• YOUR GOAL: Repeat word for word the lines starting at the one with "Take a long soak in the large spa bath" and ending at the final line of the material, both ends included; omit pictures.

• MATERIAL FOR THIS EXERCISE:
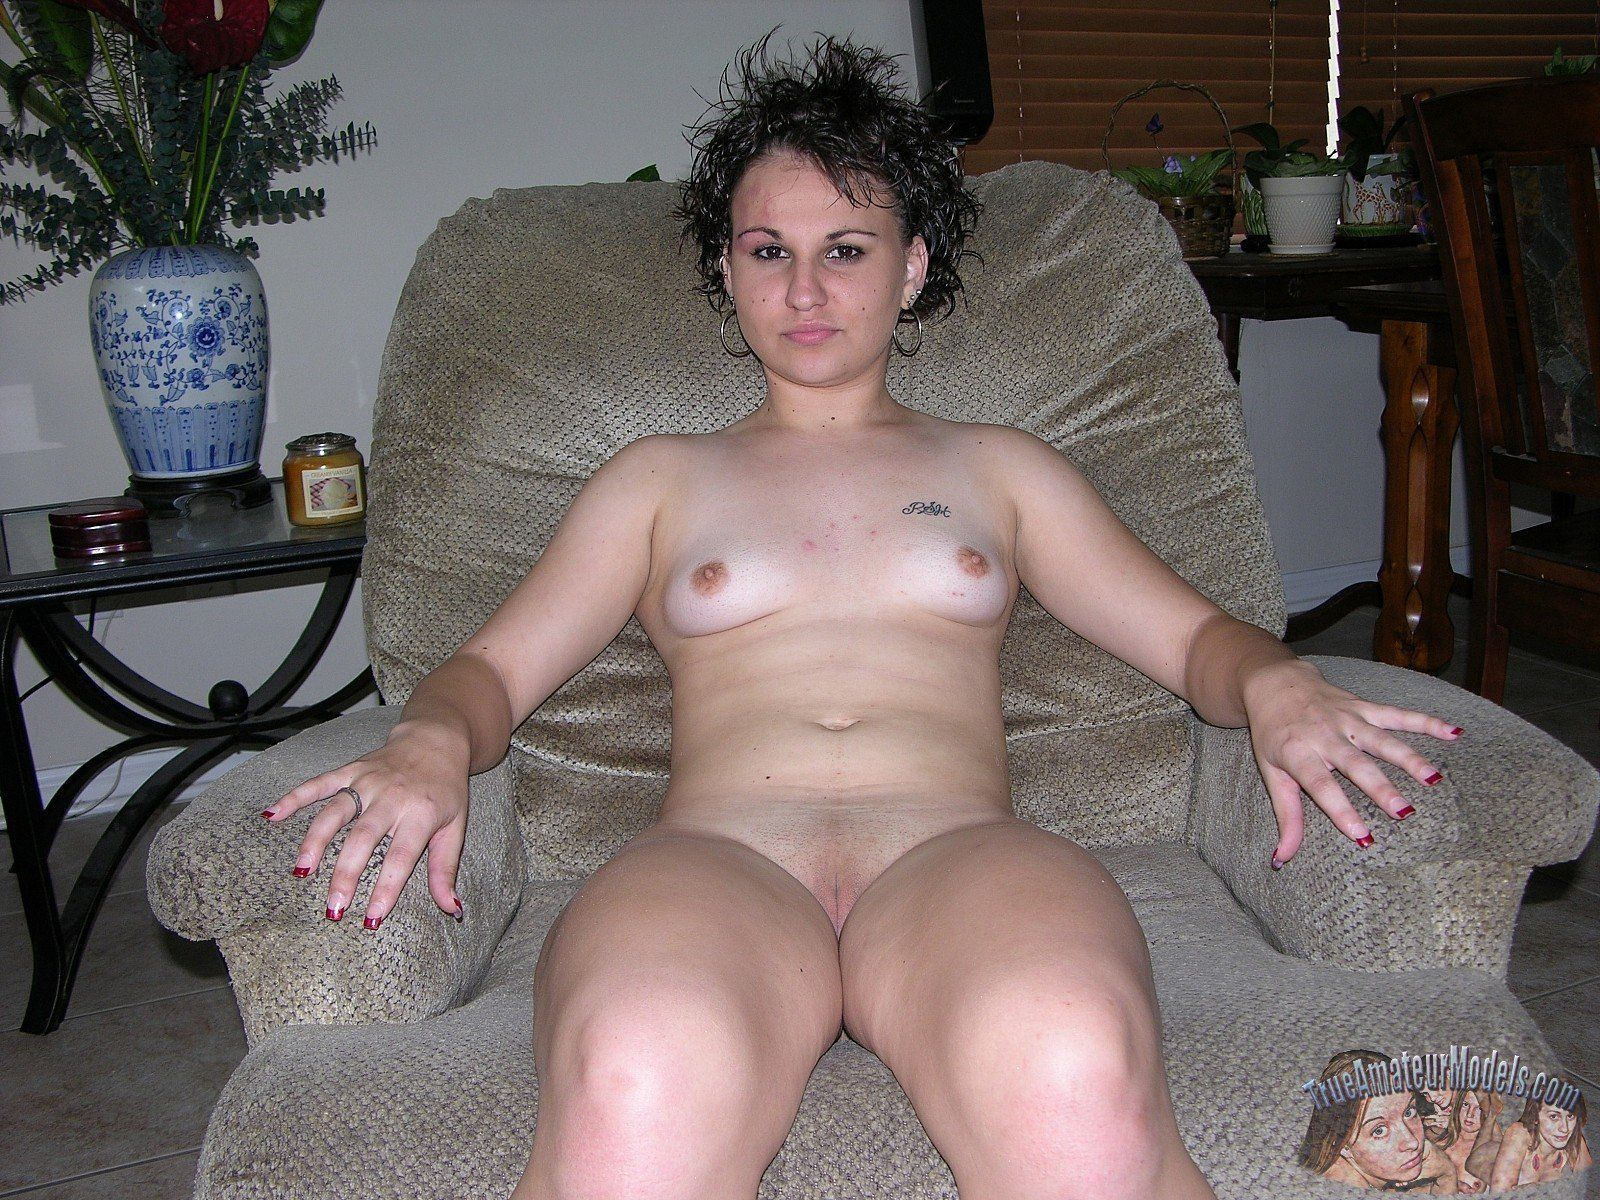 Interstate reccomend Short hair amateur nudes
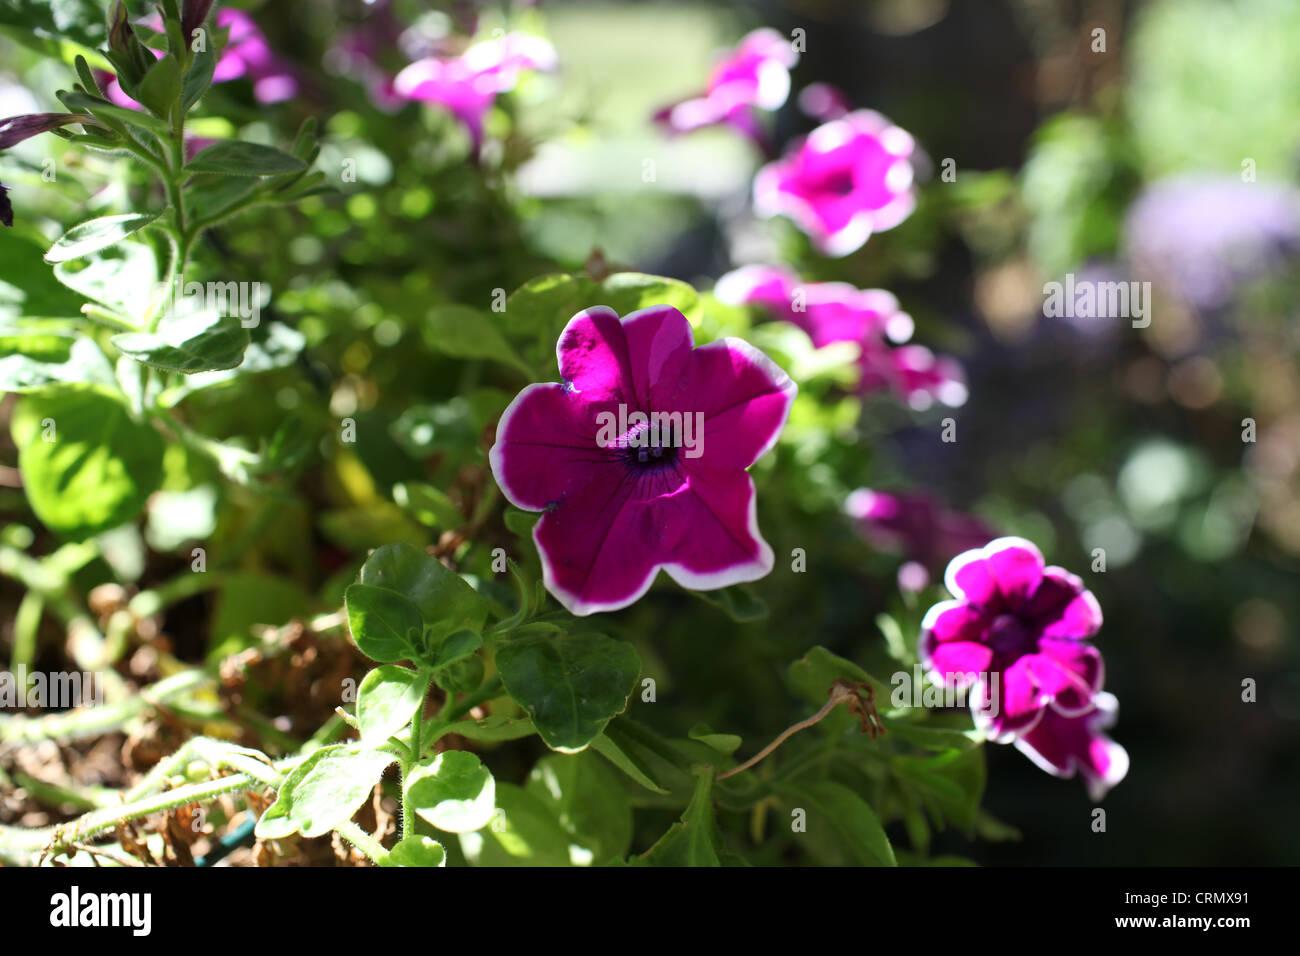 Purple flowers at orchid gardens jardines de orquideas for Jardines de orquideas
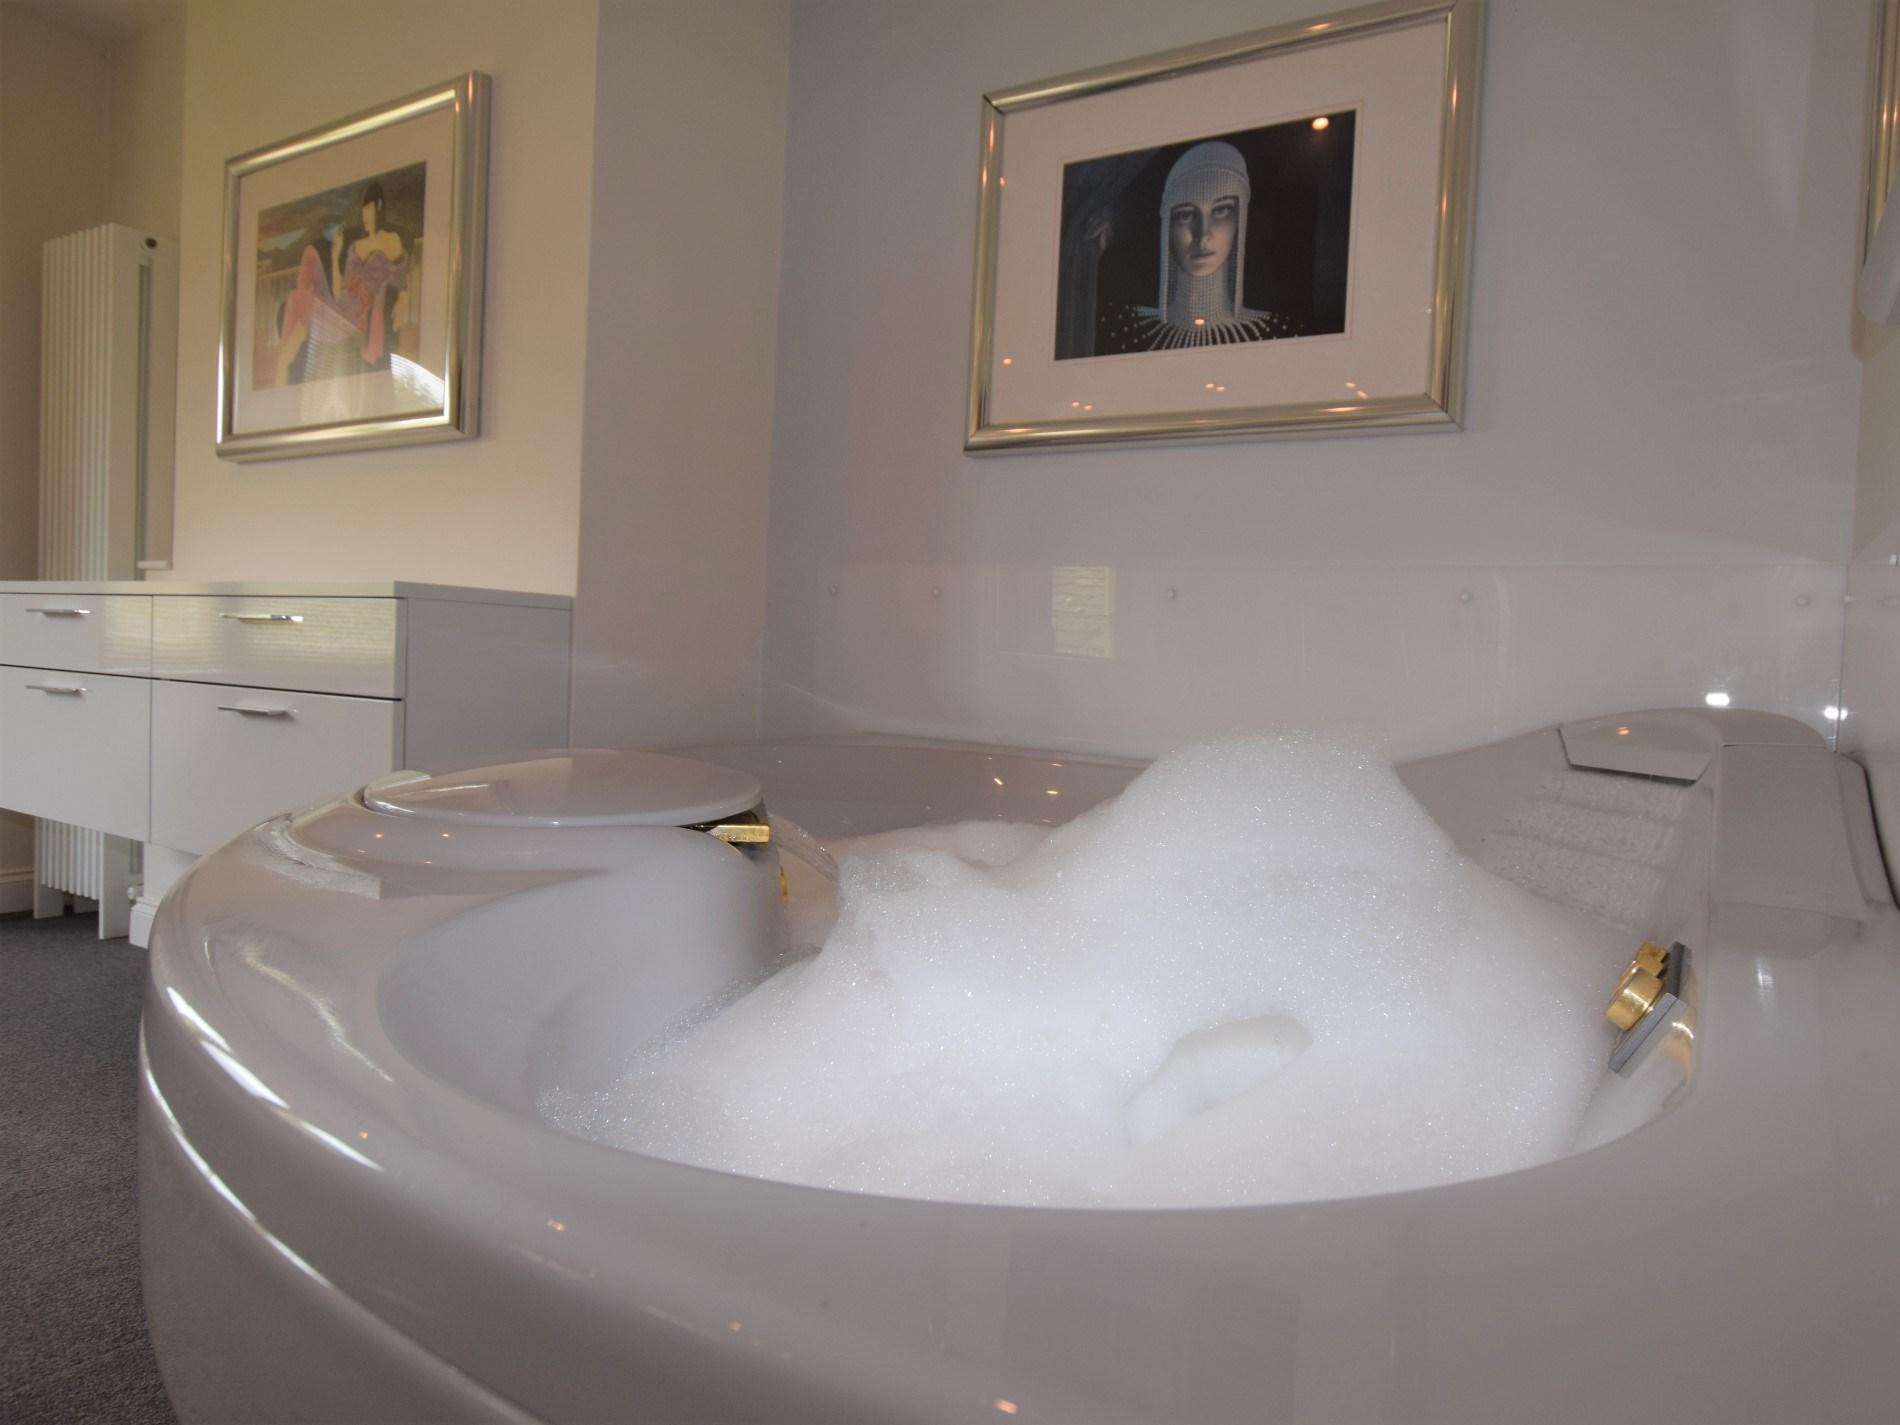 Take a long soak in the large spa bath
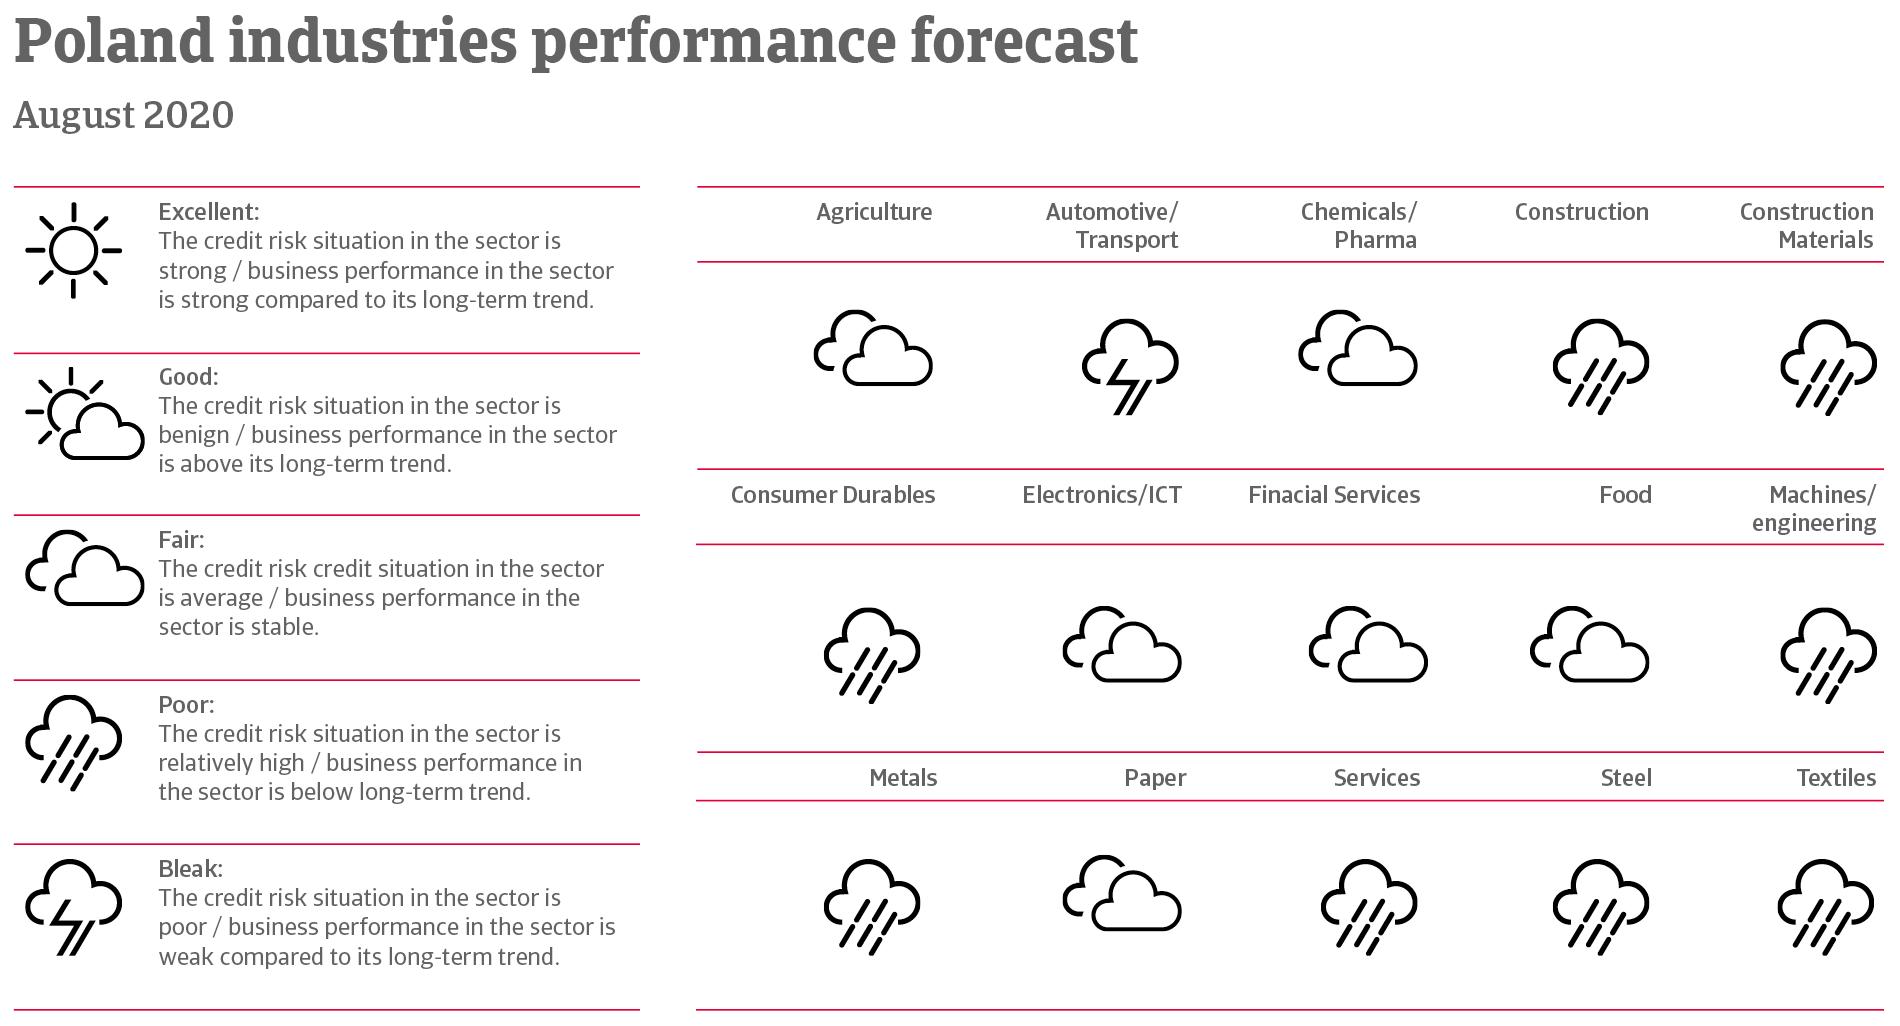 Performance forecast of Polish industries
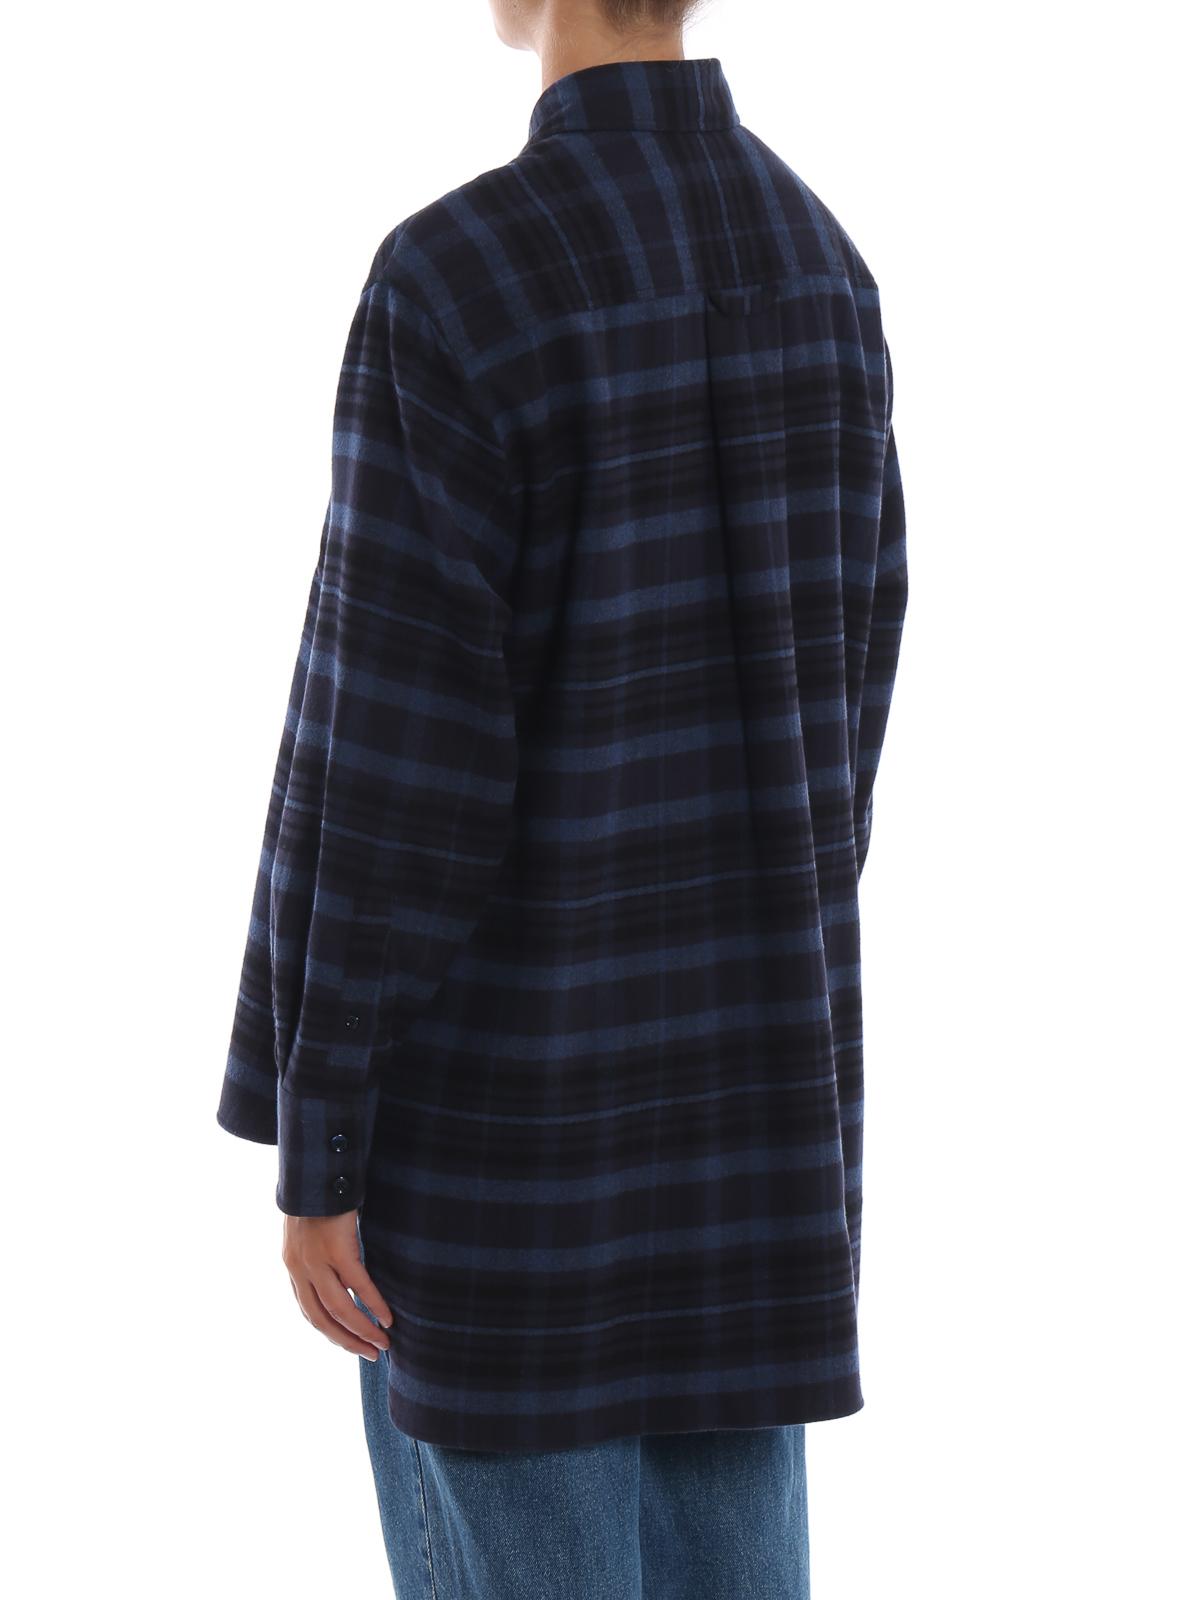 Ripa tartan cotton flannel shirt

• RESPONSE AREA:
 Take a long soak in the large spa bath
 Performance forecast of Polish industries
 Ripa tartan cotton flannel shirt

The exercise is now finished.